ODA, through a grant, purchased the seeds and had them packaged in individual sample packets. They then distributed them to 50 OSU Extension offices around Ohio.
The kick-off for this project is this coming week. These seed sample packets will be available at Extension offices around Ohio. For a list of the counties and their distribution sites and times, go to http://u.osu.edu/ohiovictorygardens and click on the Seeds – Come and Get ‘Em tab. Then click in the first paragraph where it says county location.
Counties participating in our area include Clark, Greene, Hamilton, Miami, Montgomery and Shelby. If your county is not on the list this year, watch for details next March. The goal is to have all Ohio counties participating by then.

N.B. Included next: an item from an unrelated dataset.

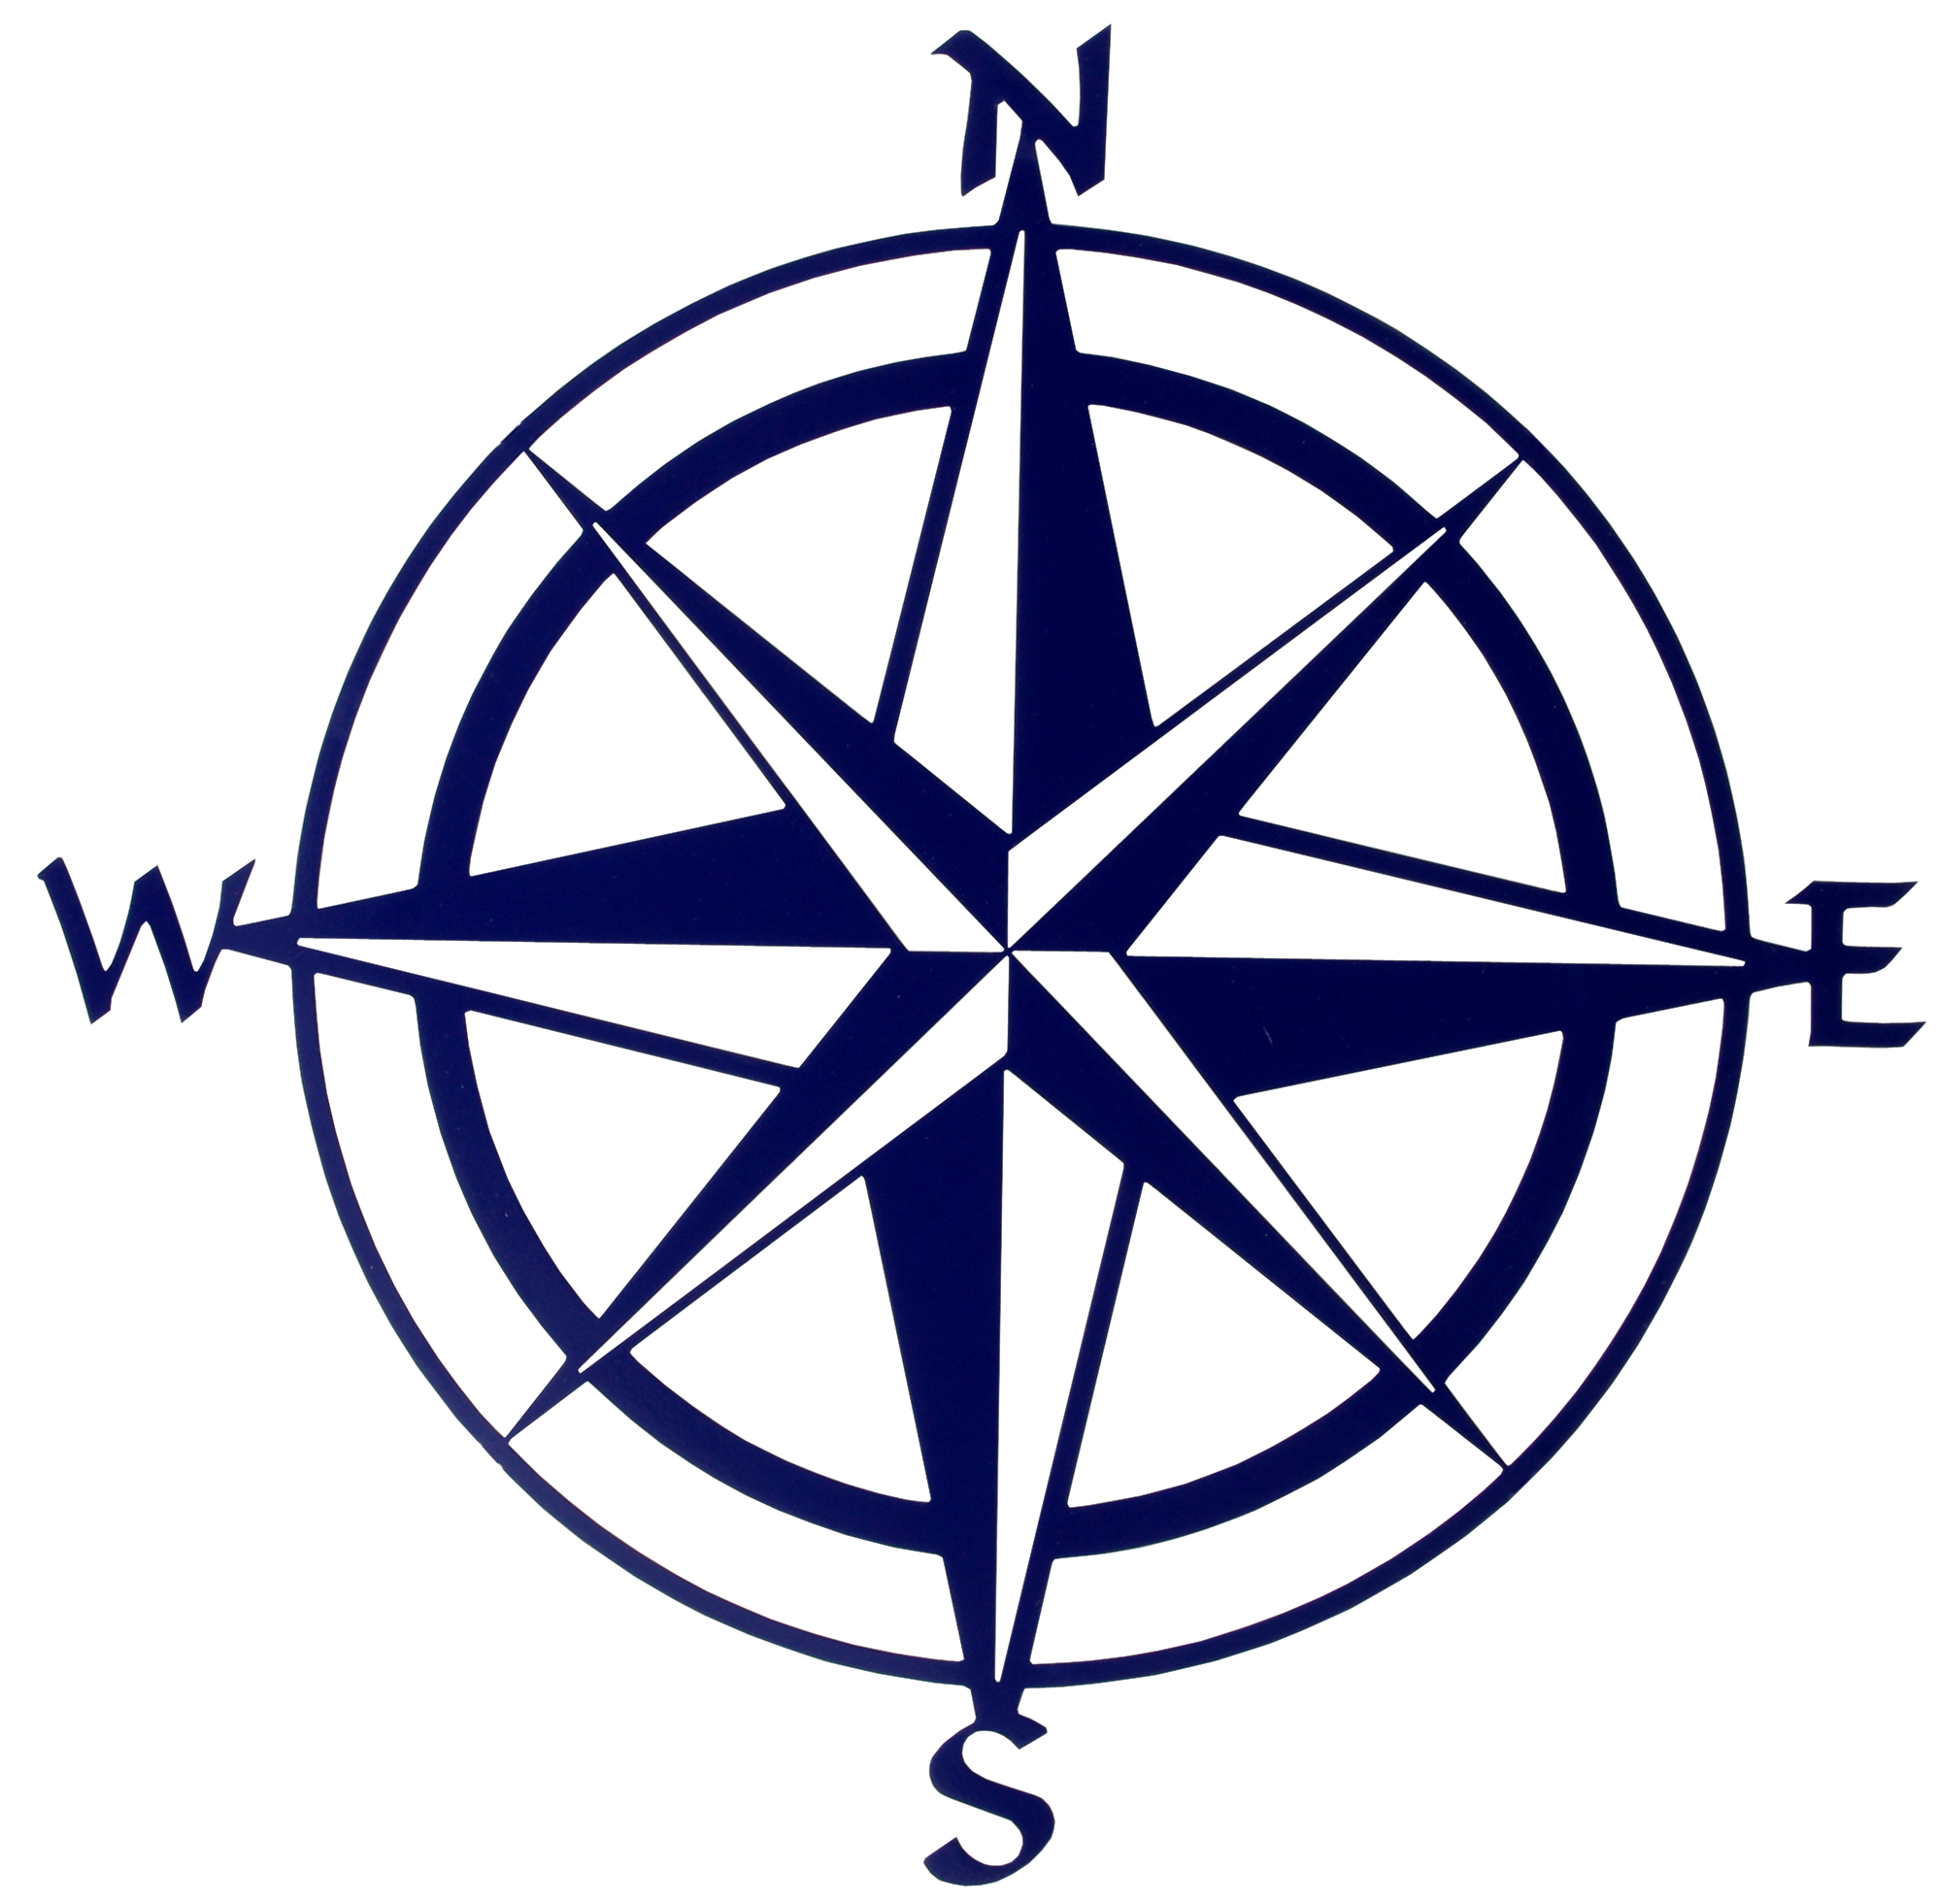 Compass clip art to download

The sample seed packet includes four seed varieties including lettuce, carrots, cucumbers and sunflowers.
There is enough lettuce and carrots to plant a couple of eight-foot rows. The cucumbers are enough to feed a family of four and the sunflowers are because everyone needs a little sunshine in their garden.
In addition, those participating can complete a survey and be entered into a drawing for a gardening kit.
The website mentioned above also includes information on growing these plants as well as other great gardening information.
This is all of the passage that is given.